#### Source material:
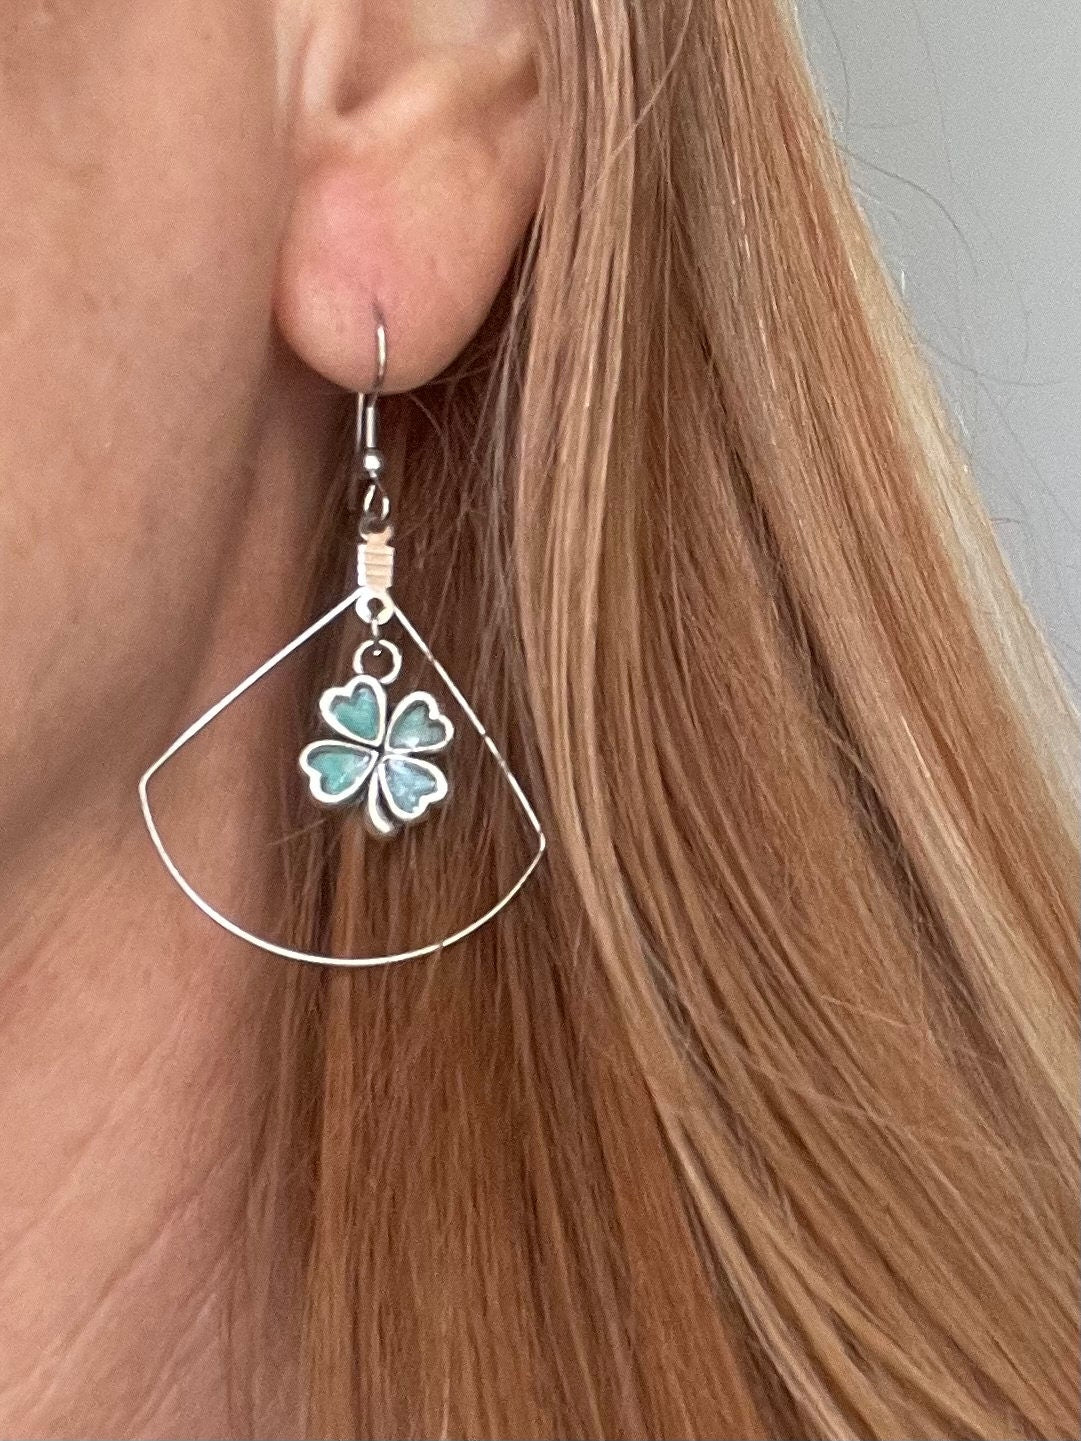 Green Four Leaf Clover Dangle Earrings great for Saint Patrick's Day or Anytime You Can Use Some Extra Luck 🍀
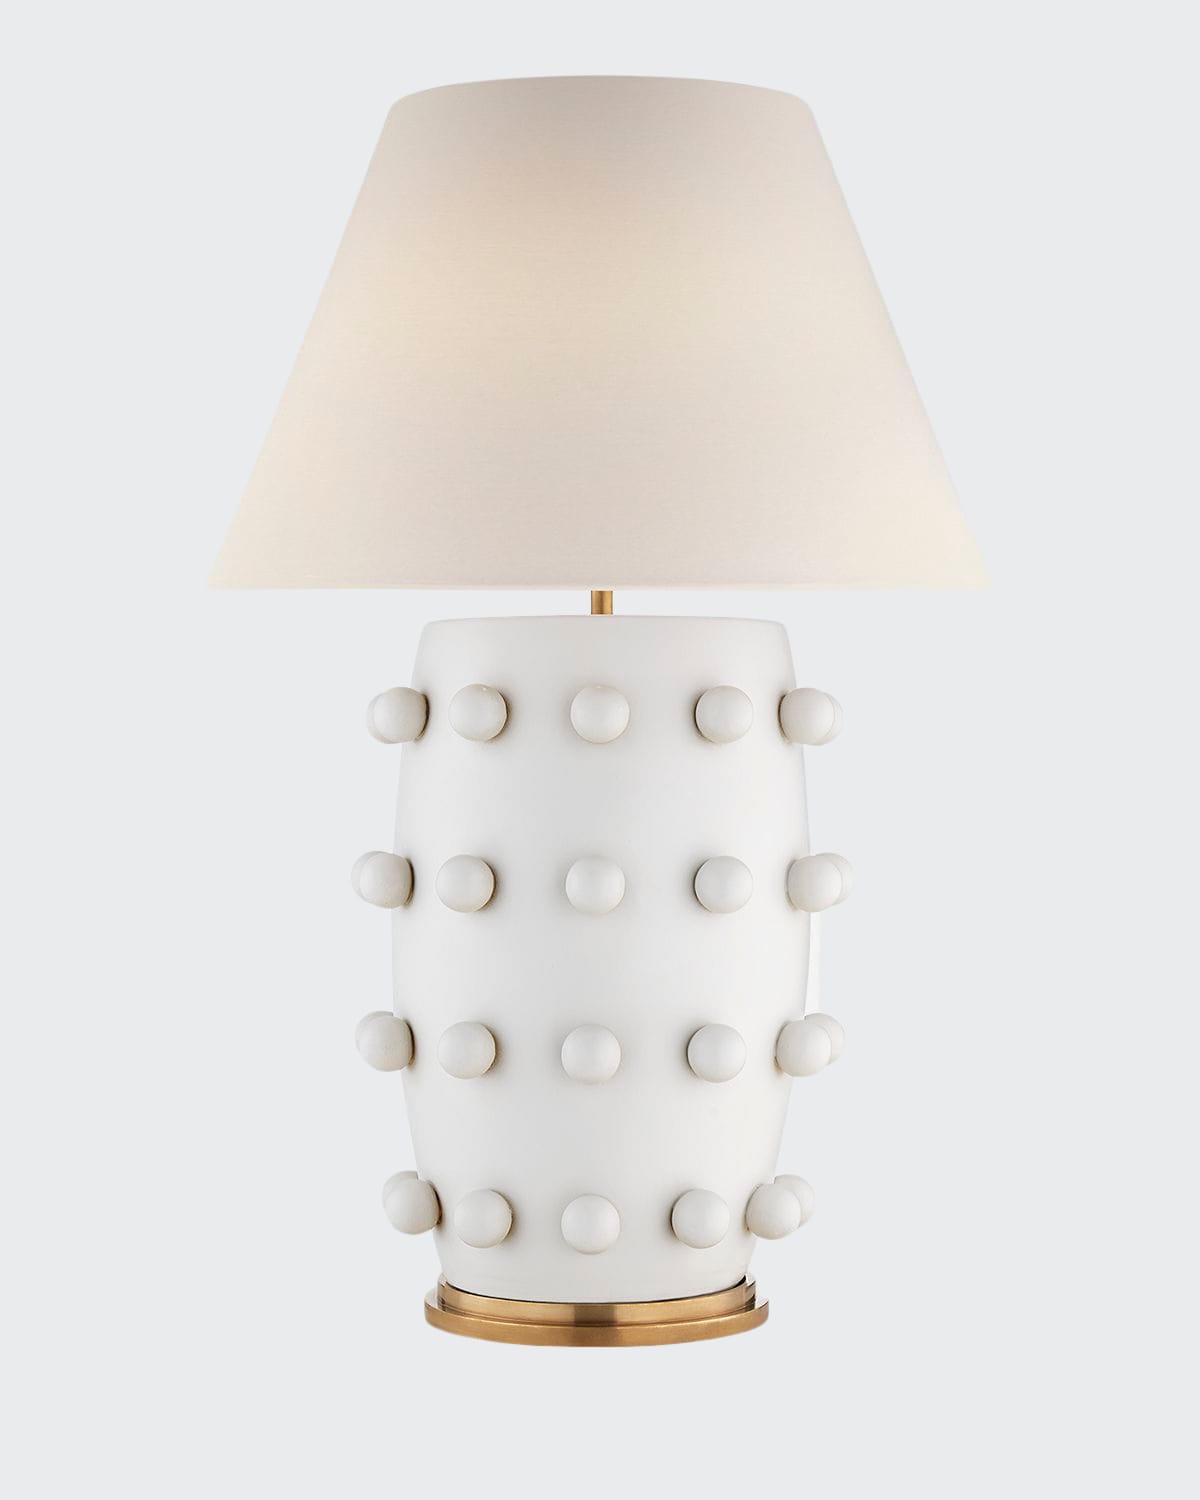 Kelly Wearstler For Visual Comfort Signature Linden Table Lamp In Ivory
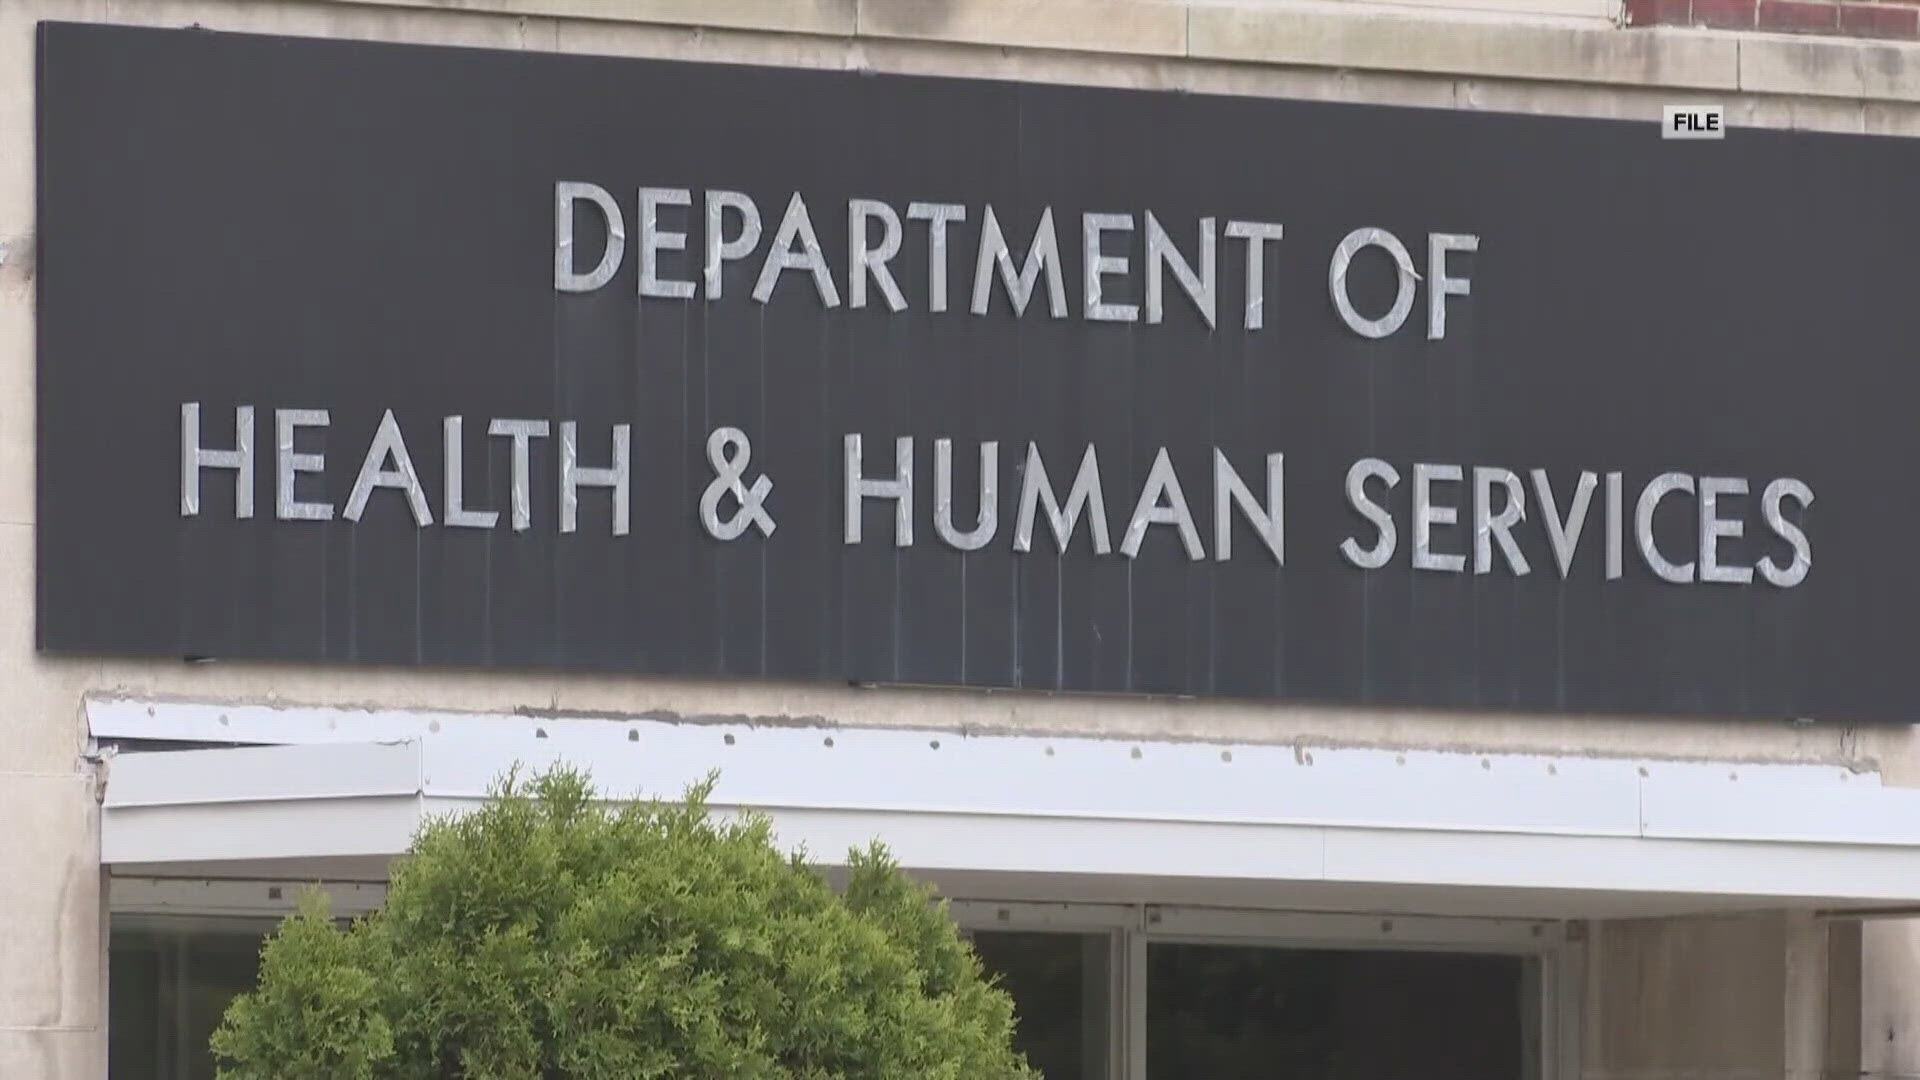 Earlier this year, Maine's DHHS announced several changes to restructure and reorganize to better serve children and their families.
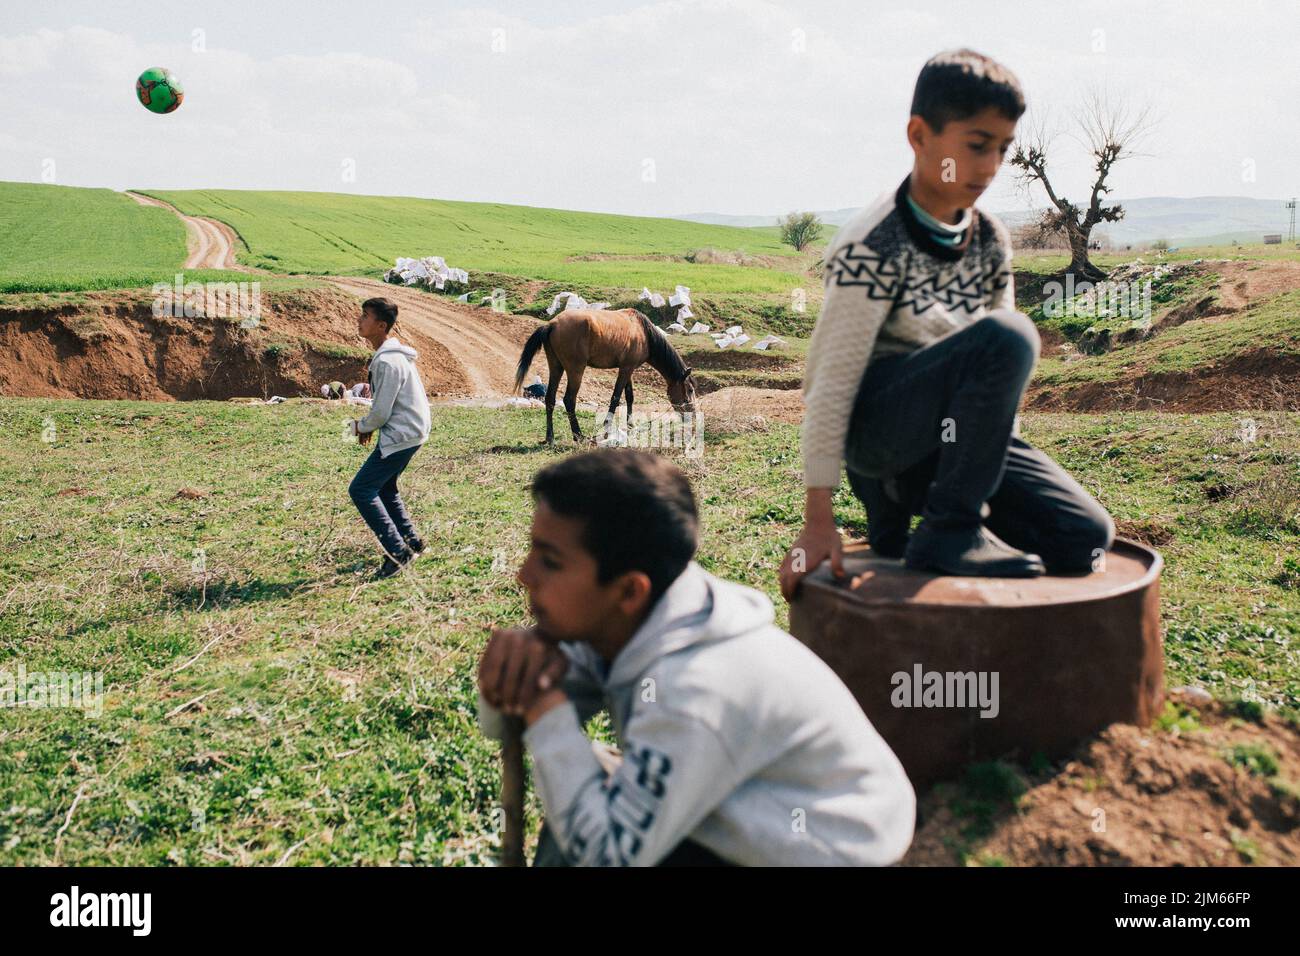 A view of three young boys and a horse in a green rural area in Hatay Province, Turkey Stock Photo

#### What is required:
Pictures aside, reproduce the listing above exactly.

#### Answer for this exercise:
 Green Four Leaf Clover Dangle Earrings great for Saint Patrick's Day or Anytime You Can Use Some Extra Luck 🍀
 Kelly Wearstler For Visual Comfort Signature Linden Table Lamp In Ivory
 Earlier this year, Maine's DHHS announced several changes to restructure and reorganize to better serve children and their families.
 A view of three young boys and a horse in a green rural area in Hatay Province, Turkey Stock Photo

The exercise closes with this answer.